3.6 Language detection & Hinglish handling

language_hint="hinglish" is translated to Whisper's language="hi" at the call site. Whisper has no Hinglish token, but Hindi decoding on code-mixed audio produces readable transliteration + English words in Latin script roughly 85% of the time. Noise is expected and documented as Risk 3 in DESIGN.md §14.
TranscriptResult.language_detected reports what Whisper says, not the hint. If hint is "hinglish" and Whisper reports "hi", we downgrade to "hinglish" only when the decoded text contains ≥ 2 ASCII-letter words intermixed with Devanagari (heuristic; documented in tests).
If Whisper returns a language code not in our 5-value Literal (e.g., "ur" for Urdu, "mr" for Marathi), language_detected="unknown" is surfaced; env.py logs a warning and falls back to language_hint for R4 reward attribution.

3.7 Concurrency

Both engines are CPU-bound Python calls into C extensions (Kokoro via torch, faster-whisper via CTranslate2). They release the GIL during inference, so threaded FastAPI workers can process N concurrent transcribes at a small RAM cost. Max concurrency is governed by the env-space session cap (10 concurrent sessions per DESIGN.md §3.3). RAM usage: 10 concurrent transcribes × ~150 MB peak = 1.5 GB — fits the free CPU tier's 16 GB with margin.
No per-session model state means two sessions can share an engine instance without lock contention beyond what CTranslate2 internally serializes.

3.8 Diagnostic tracing hook

Both engines accept an optional trace_sink: Callable[[AudioTrace], None] | None = None kwarg in __init__. When provided, every call to synthesize(), synthesize_to_gradio(), or transcribe() emits exactly one AudioTrace record (schema in §2.2a) to the sink after the core work completes but before the return statement. Emissions are wrapped in try/except Exception: pass so a broken sink never crashes the audio path — telemetry must never break production.

Default. trace_sink=None means no emission, zero overhead.

Wiring in app.py. The FastAPI startup hook constructs a module-global ring buffer of the most recent 100 traces (collections.deque(maxlen=100)) and passes its .append method as the sink to both engines at get_tts_engine() / get_asr_engine() construction:

_trace_buffer: deque[AudioTrace] = deque(maxlen=100)
tts = get_tts_engine(trace_sink=_trace_buffer.append)
asr = get_asr_engine(trace_sink=_trace_buffer.append)

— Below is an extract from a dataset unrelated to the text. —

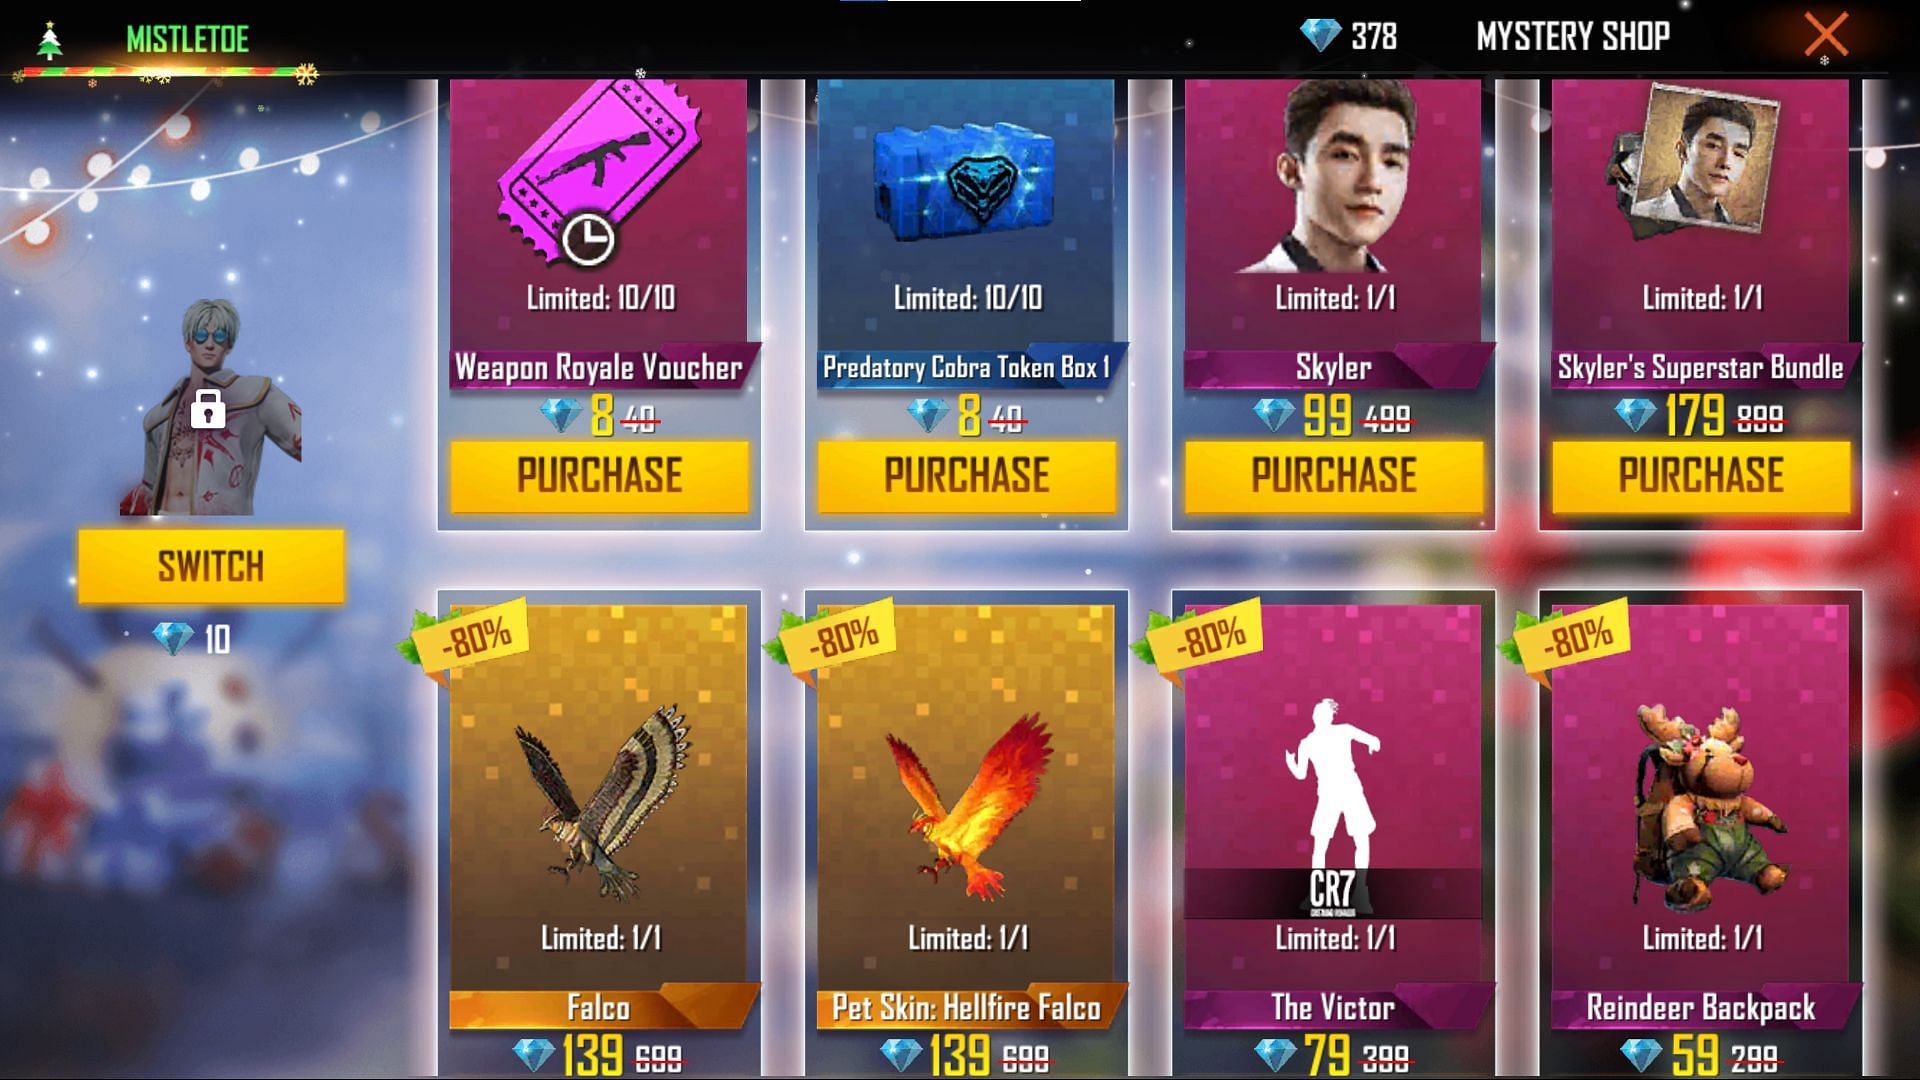 Events like Mystery Shop provide items at discount (Image via Free Fire)

(Note: get_tts_engine / get_asr_engine are updated to accept and forward trace_sink through to the first-call __init__; subsequent calls after the singleton is constructed ignore the kwarg — warn in logs if a different sink is passed after construction.)

Endpoint. GET /audio/trace returns {"traces": [AudioTrace.asdict(), ...]} with the most recent 100 records, newest-first. No auth (demo-only; the env Space is behind judge tokens anyway per DESIGN.md §3.3). This endpoint is defined in app.py, not here.

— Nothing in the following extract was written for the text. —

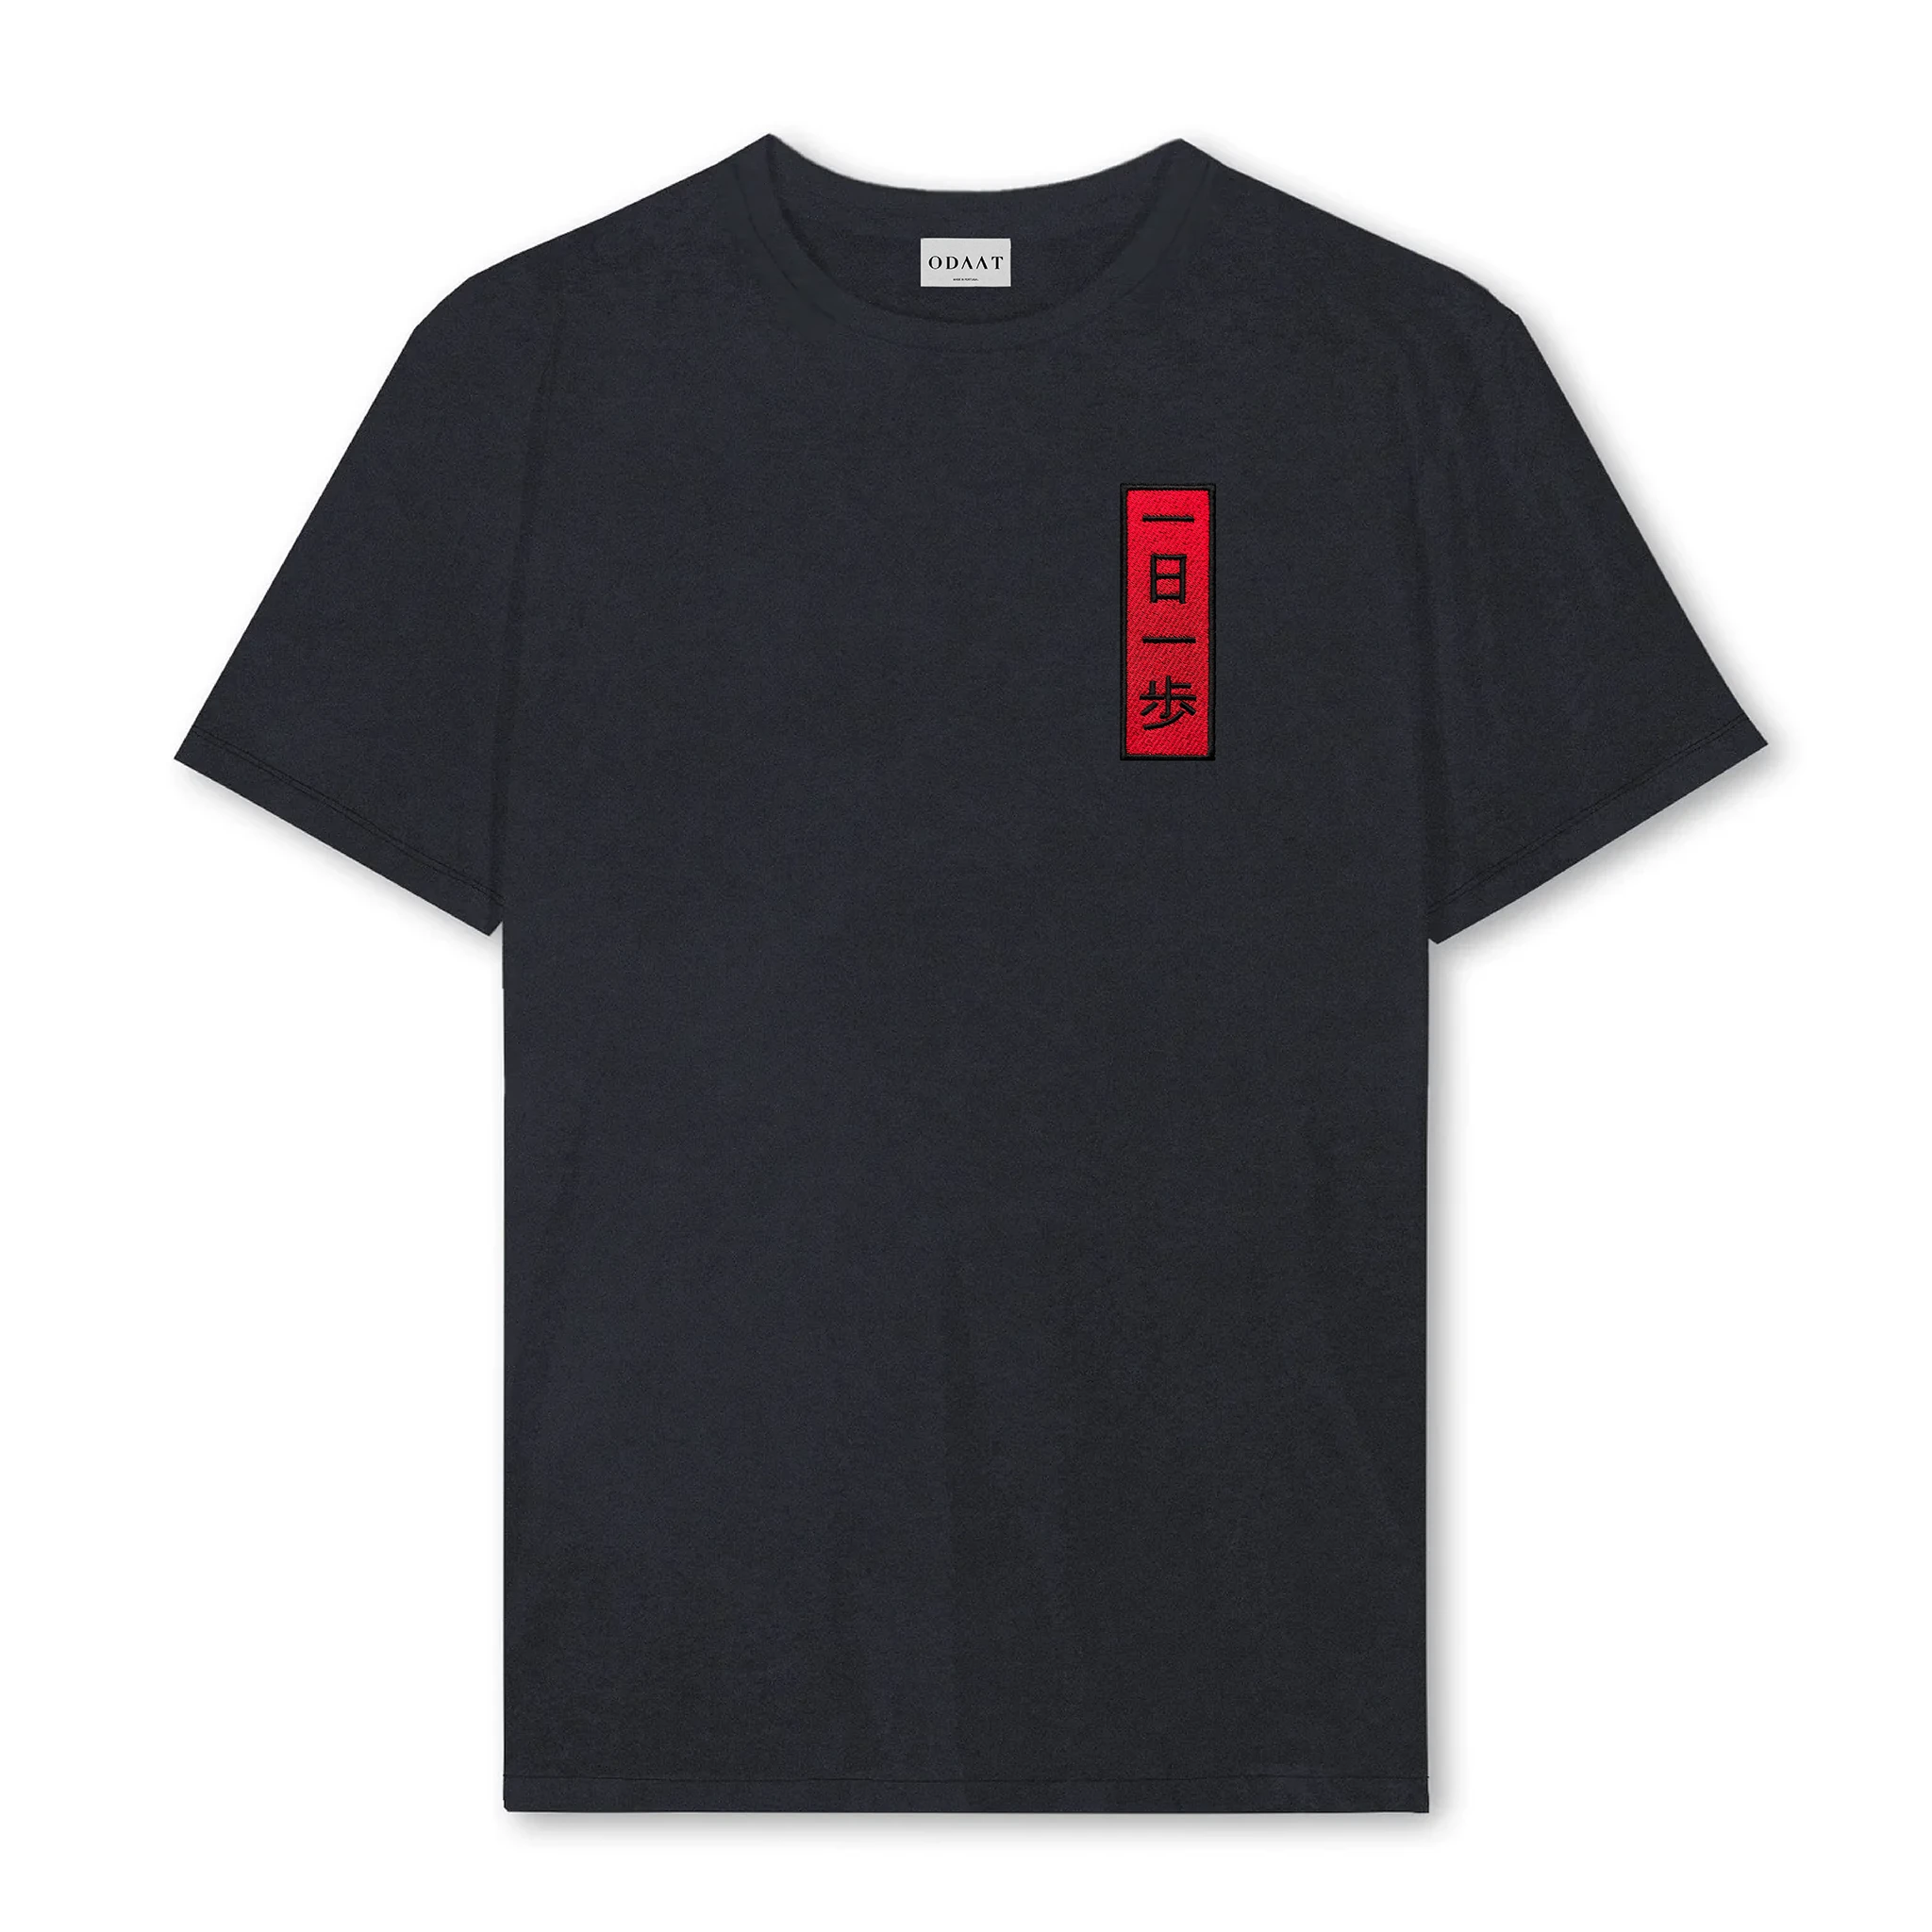 ODAAT Apparel, KyoPace T-Shirt in Vintage Black featuring red embroidered patch that says "One Day, One Step" in Japanese vertically on the left chest.

Demo UI. demo/app_gradio.py polls /audio/trace every 2 s and overlays a sparkline of latency_ms per op and a counter of degraded=True events. This is how judges see the trace health live.

Privacy. input_hash is a blake2b digest — raw text and raw audio bytes never leave the process via the trace. This is a hard invariant.

4. Data structures

4.1 `TranscriptResult`

Field	Type	Semantic	Constraint	Writer
`text`	`str`	Decoded transcript, NFC-normalized Unicode	Non-None; may be empty on silence; no trailing whitespace	`ASREngine.transcribe`
`language_detected`	`LanguageCode \| "unknown"`	Whisper-reported language, mapped to our 5 codes or `"unknown"`	One of `{"hi","ta","kn","en","hinglish","unknown"}`	`ASREngine.transcribe`
`confidence`	`float`	Duration-weighted exp-normalized mean log-prob	`0.0 ≤ c ≤ 1.0`; `0.0` whenever `text == ""` (both VAD-silent per §7.4 AND decoded-empty-despite-audio per §3.5 — the latter coerces any nonzero whisper-reported confidence to `0.0`); `1.0` only by convention in training when ASR is bypassed entirely (see §3.1)	`ASREngine.transcribe`
`duration_s`	`float`	Clip length in seconds	`0.0 ≤ d ≤ max_duration_s`; rounded to 3dp	`ASREngine.transcribe`

Frozen dataclass; immutable by project convention (CLAUDE.md §4.2).

4.2 `VoicePackMapping`

Frozen dataclass. Five instances live in the VOICE_PACKS module-level dict — one per LanguageCode. Never re-assigned after module load.

4.2a `AudioTrace`

Frozen dataclass, defined in driftcall/audio/trace.py (schema in §2.2a, emission semantics in §3.8). Fields: op, input_hash, language, duration_s, latency_ms, confidence, cache_hit, degraded, ts_ist. All fields are immutable; AudioTrace instances are produced at the tail of each synth/transcribe call and fed to the configured trace_sink. Consumed by app.py's /audio/trace endpoint and the demo UI live overlay. Never serialized to disk by this module (app-level concern).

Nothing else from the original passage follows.